Auch wenn die AKtivität hier schon länger tot ist eine kurze Frage:

Ist eine 800g Rolle (Penn Captiva LL 6000) zu schwer für die 3lbs Warrior es ?

Danke im voraus...DOn


----------



## don rhabano (30. Juli 2009)

*AW: Fox Warrior oder Chub Snooper?*

Niemand weiß es?!


----------



## Carras (30. Juli 2009)

*AW: Fox Warrior oder Chub Snooper?*



don rhabano schrieb:


> Auch wenn die AKtivität hier schon länger tot ist eine kurze Frage:
> 
> Ist eine 800g Rolle (Penn Captiva LL 6000) zu schwer für die 3lbs Warrior es ?
> 
> Danke im voraus...DOn


 

Wie meinst Du das?


----------



## don rhabano (30. Juli 2009)

*AW: Fox Warrior oder Chub Snooper?*

Ist die Combo dann ordentlich ausbalanciert und passt alles mit dem werfen


----------



## Carras (30. Juli 2009)

*AW: Fox Warrior oder Chub Snooper?*



don rhabano schrieb:


> Ist die Combo dann ordentlich ausbalanciert und passt alles mit dem werfen


 
Puh, da bin ich überfragt,.

Geh in den Angelladen, häng die Rolle an die Rute und probier es aus.

Gruß

Carras


----------



## Dirk T (30. Juli 2009)

*AW: Fox Warrior oder Chub Snooper?*

Hallo,
hab selber die FOX Warrior und könnte sie dir mit gutem Gewissen empfehlen...Aber !
für das Geld gibt es bei einem bekannten Händler eine wirkliche Hammerrute - die Ultimate Bionic Carp ,ich hab nun den Direkten Vergleich da machst du nichts verkehrt.

PS. der im unterstehendem Link abgebildete Rutenhalter ist zumindest bei meinen Ruten nicht so "blank" sondern etwas grau eloxiert.
http://www.angelgeraete-wilkerling....rch_in_description=1&keywords=ultimate+bionic


----------



## don rhabano (31. Juli 2009)

*AW: Fox Warrior oder Chub Snooper?*

Schonmal danke... die bionic sieht zumindest besser aus .  Achja die Rollen wiegen nur 600g pro. Ich will mir die Rollen eben nicht einfach kaufen um dann zu merken dass sie zu schwer sind.
Außerdem wollte ich für alles nicht mehr als 300euro ausgeben,da ich auch noch ein wenig zubehör brauche. Tipps?

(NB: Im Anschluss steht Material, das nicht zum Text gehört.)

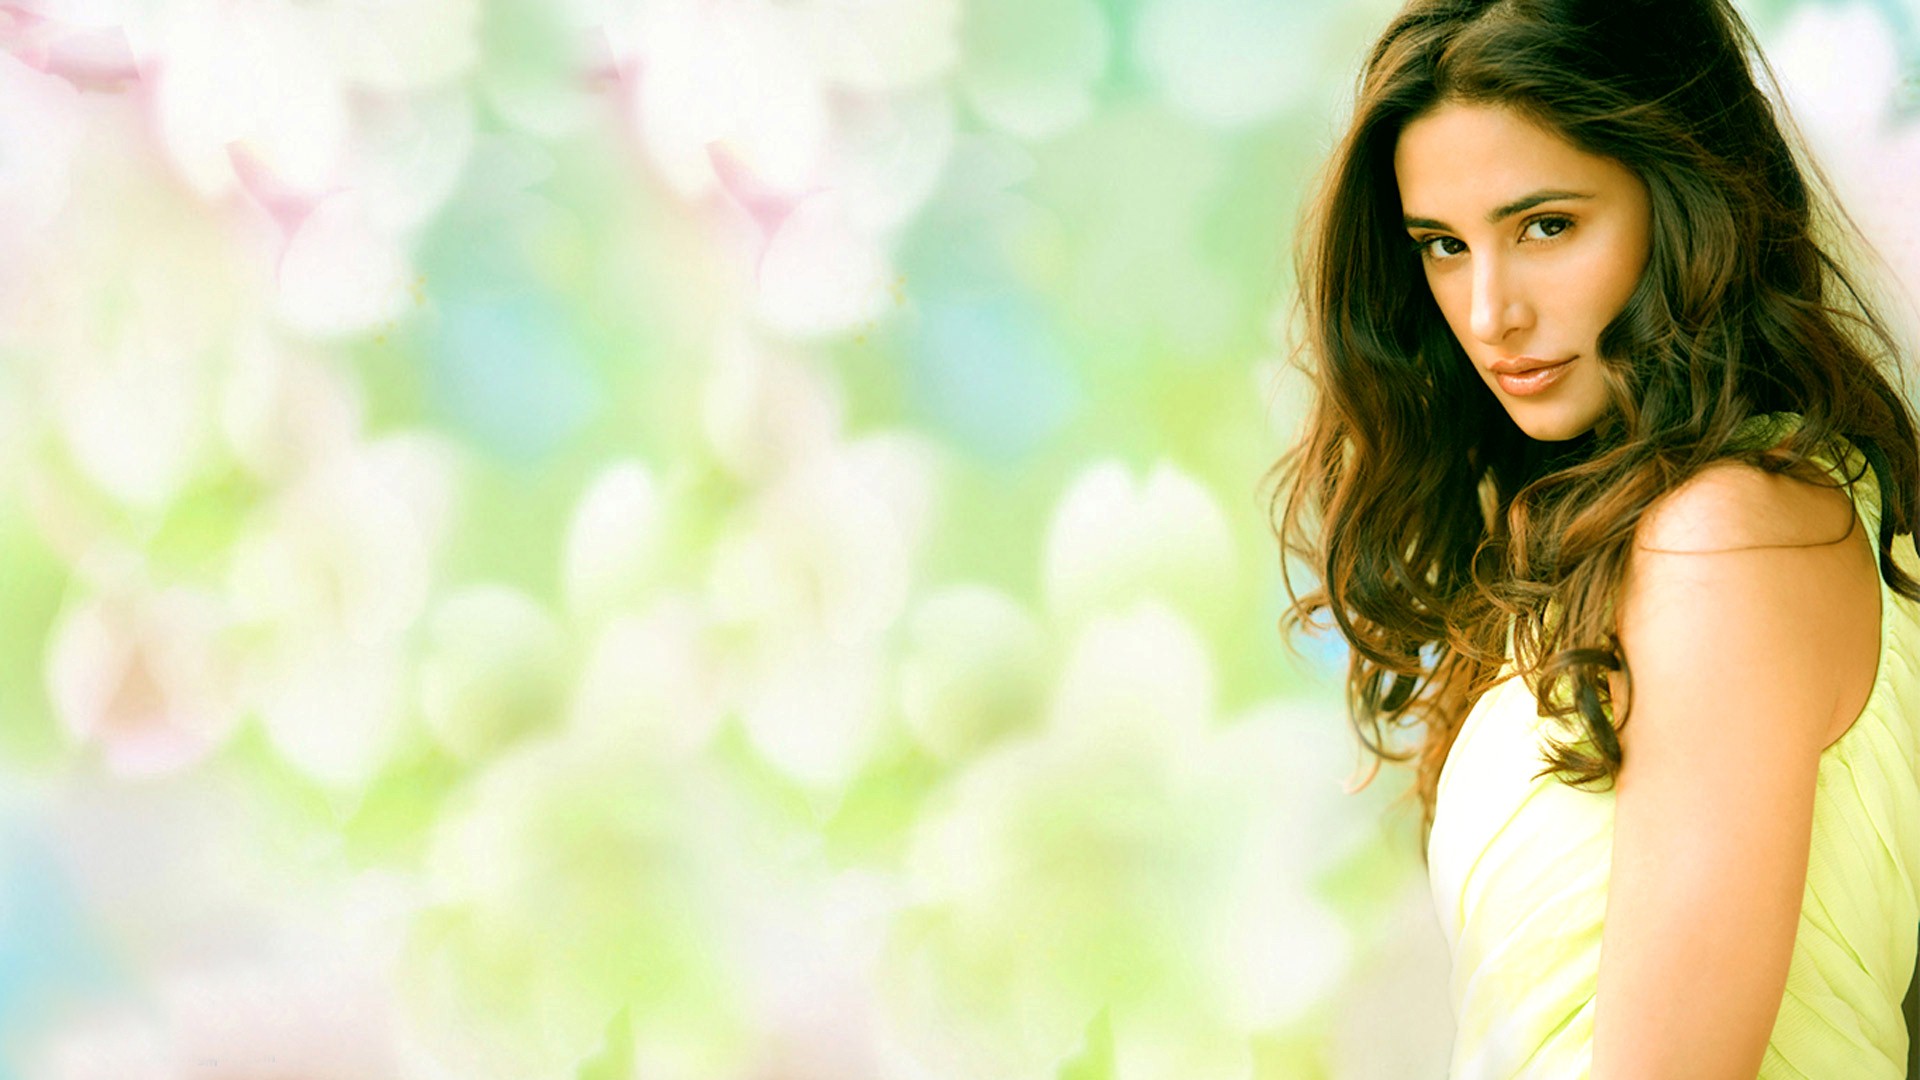 Fakhri Indian Actress HD Or Find Similar Wallpaper In
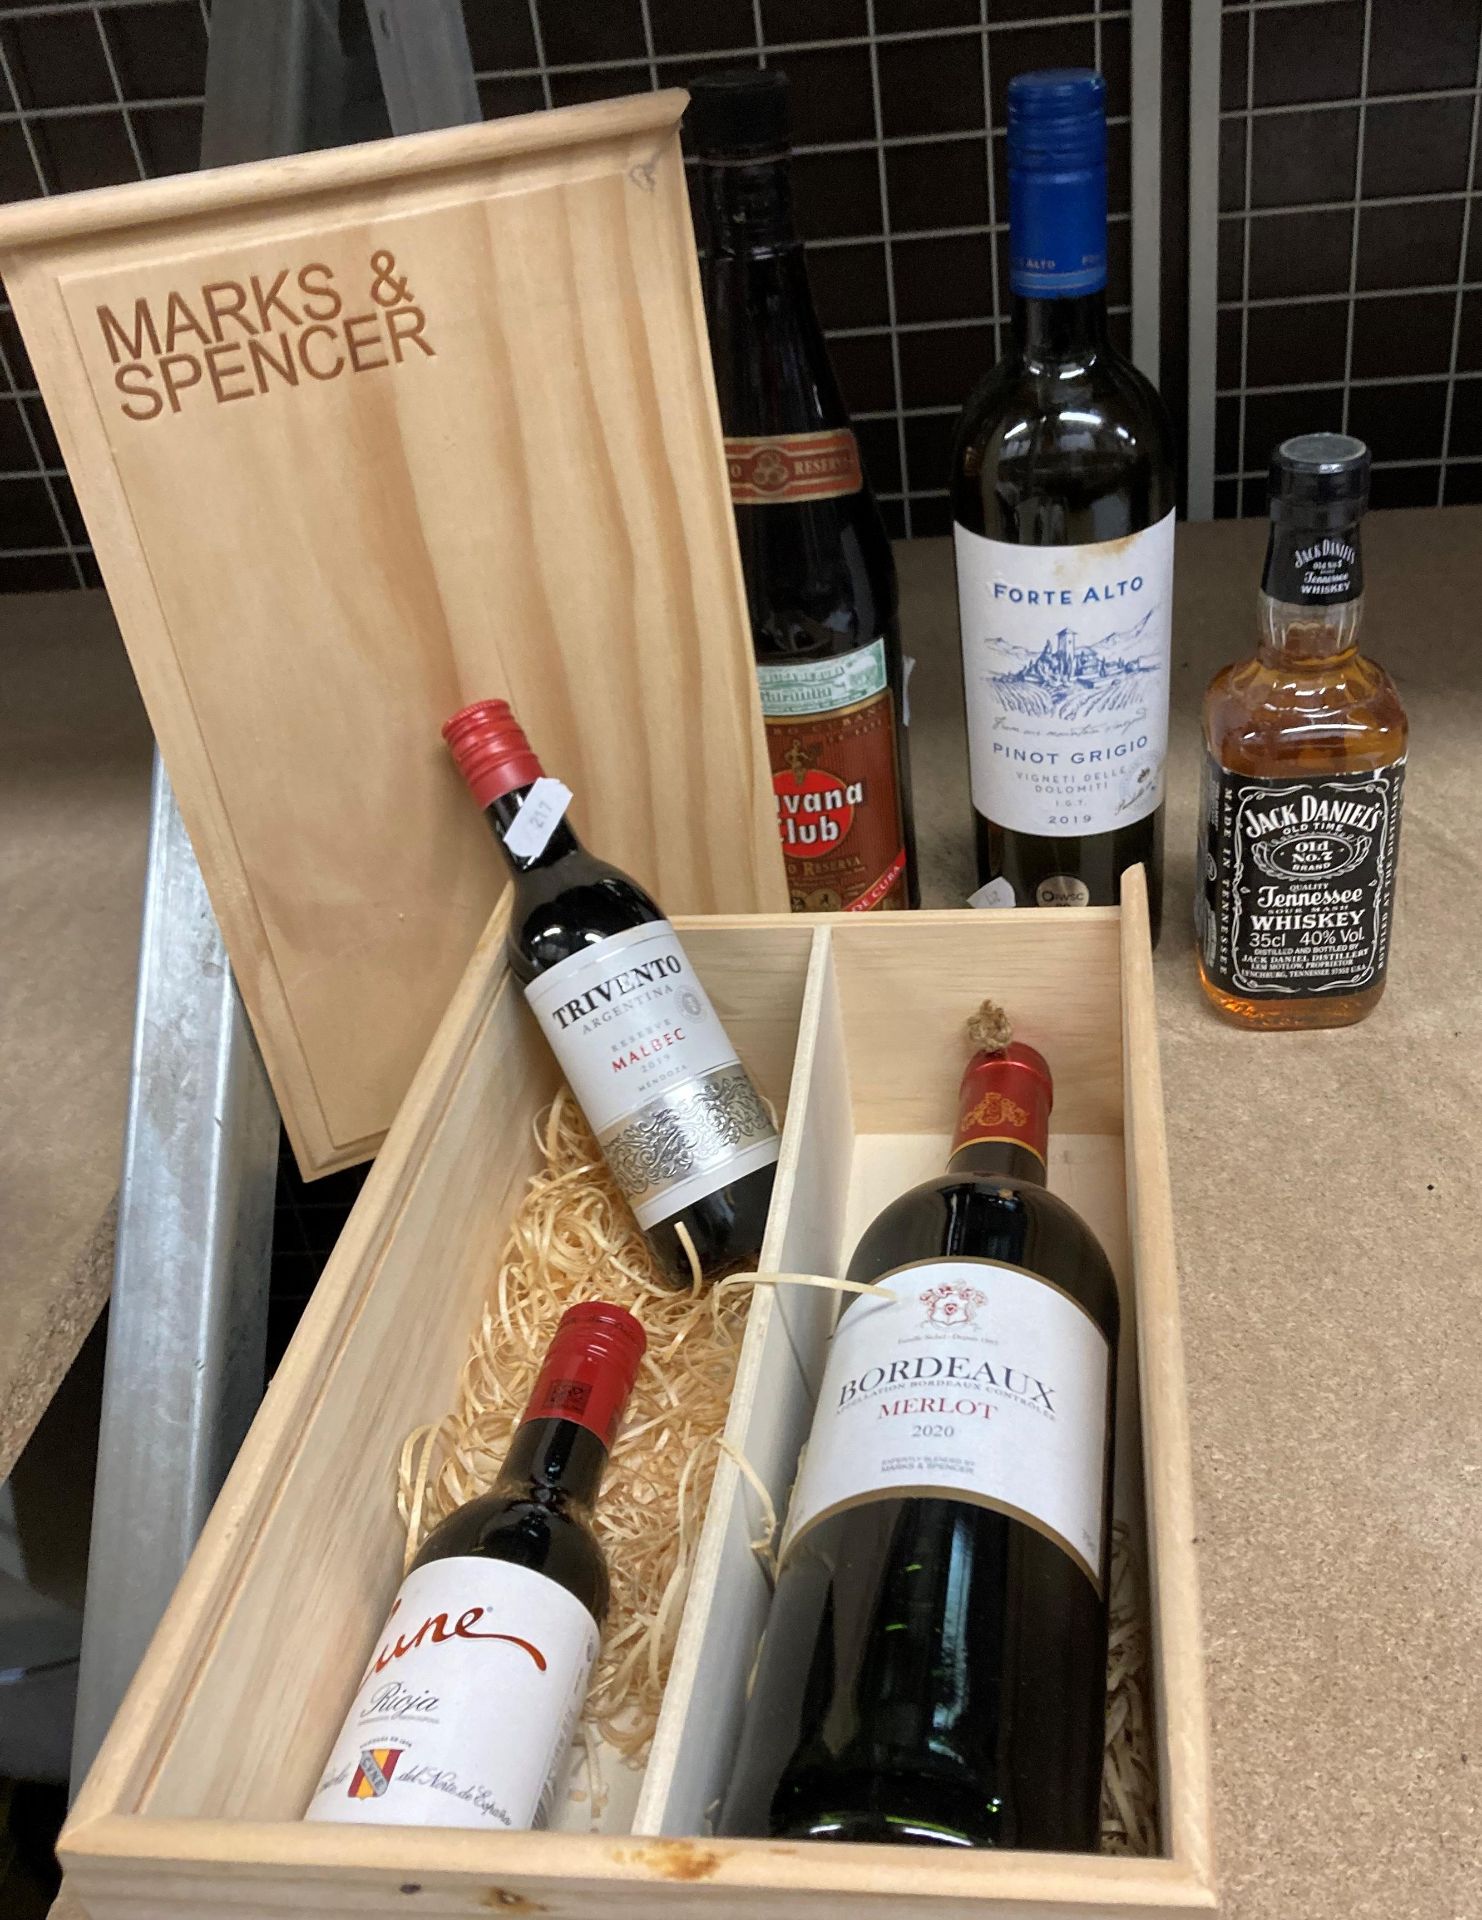 A Marks & Spencer gift set in wood box containing a 2020 bottle of Bordeaux Merlot and two 18.

Ansonsten könnte ich mir nur die warrior es in meiner nähe anschauen.


----------



## timjim (31. Juli 2009)

*AW: Fox Warrior oder Chub Snooper?*

Ich denke du kannst dfie rollen da ruhig ranhängen. die baitrunner lc von shimano wiegt so um die 800 gr. und wird auch vielen als eine der besten freilaufrollen bzw karpfenrollen bezeichnet. und die haben nicht unbedingt andere ruten.


----------